Тут ко мне наклонился загадочный религиозный деятель Лемкус:
— Папа, должен вам заметить, объявился час назад.
— То есть?
— Это их первая встреча. Папа зачал Абрикосова и сбежал. Всю жизнь колесил по стране. А за ним всюду следовал исполнительный лист. Вернее, несколько листов от разных женщин. Наконец папа эмигрировал в Израиль. Вздохнул спокойно. Но к этому времени Абрикосов стал диссидентом. Через месяц его выдворили из Союза. Так они и встретились.

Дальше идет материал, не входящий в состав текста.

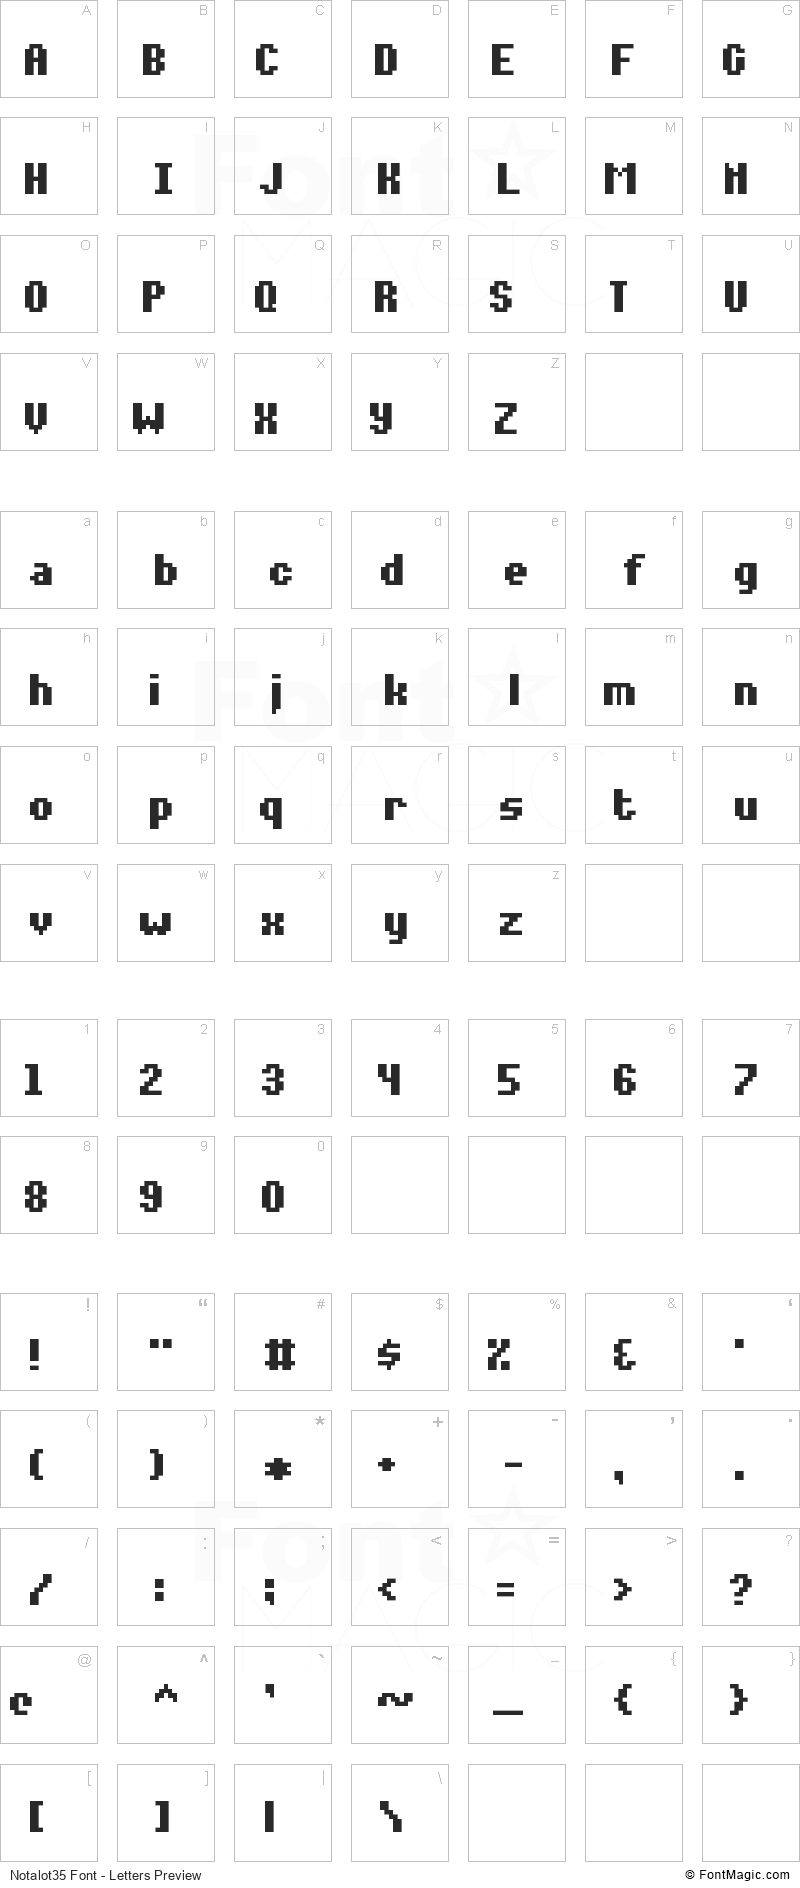 Notalot35 Font - All Latters Preview Chart

Я, как опытный халтурщик, сразу же придумал заголовок для радиоскрипта: «Встреча на свободе».
А дальше что-нибудь такое:
«После тридцати шести лет разлуки отец и сын Абрикосовы беседовали до утра…»
Лемкус еще интимнее понизил голос:
— Такова одна из версий. По другой — они любовники.
— О господи!
— Поговаривают, что они находятся в гомосексуальной связи. Познакомились в Израиле. Там на это дело смотрят косо. Перебрались в Америку. Чтобы не было подозрений, выступают как отец и сын. В действительности же они не родственники. И даже не однофамильцы. Тем более что Абрикосов — это псевдоним. Настоящая его фамилия — Каценеленбоген…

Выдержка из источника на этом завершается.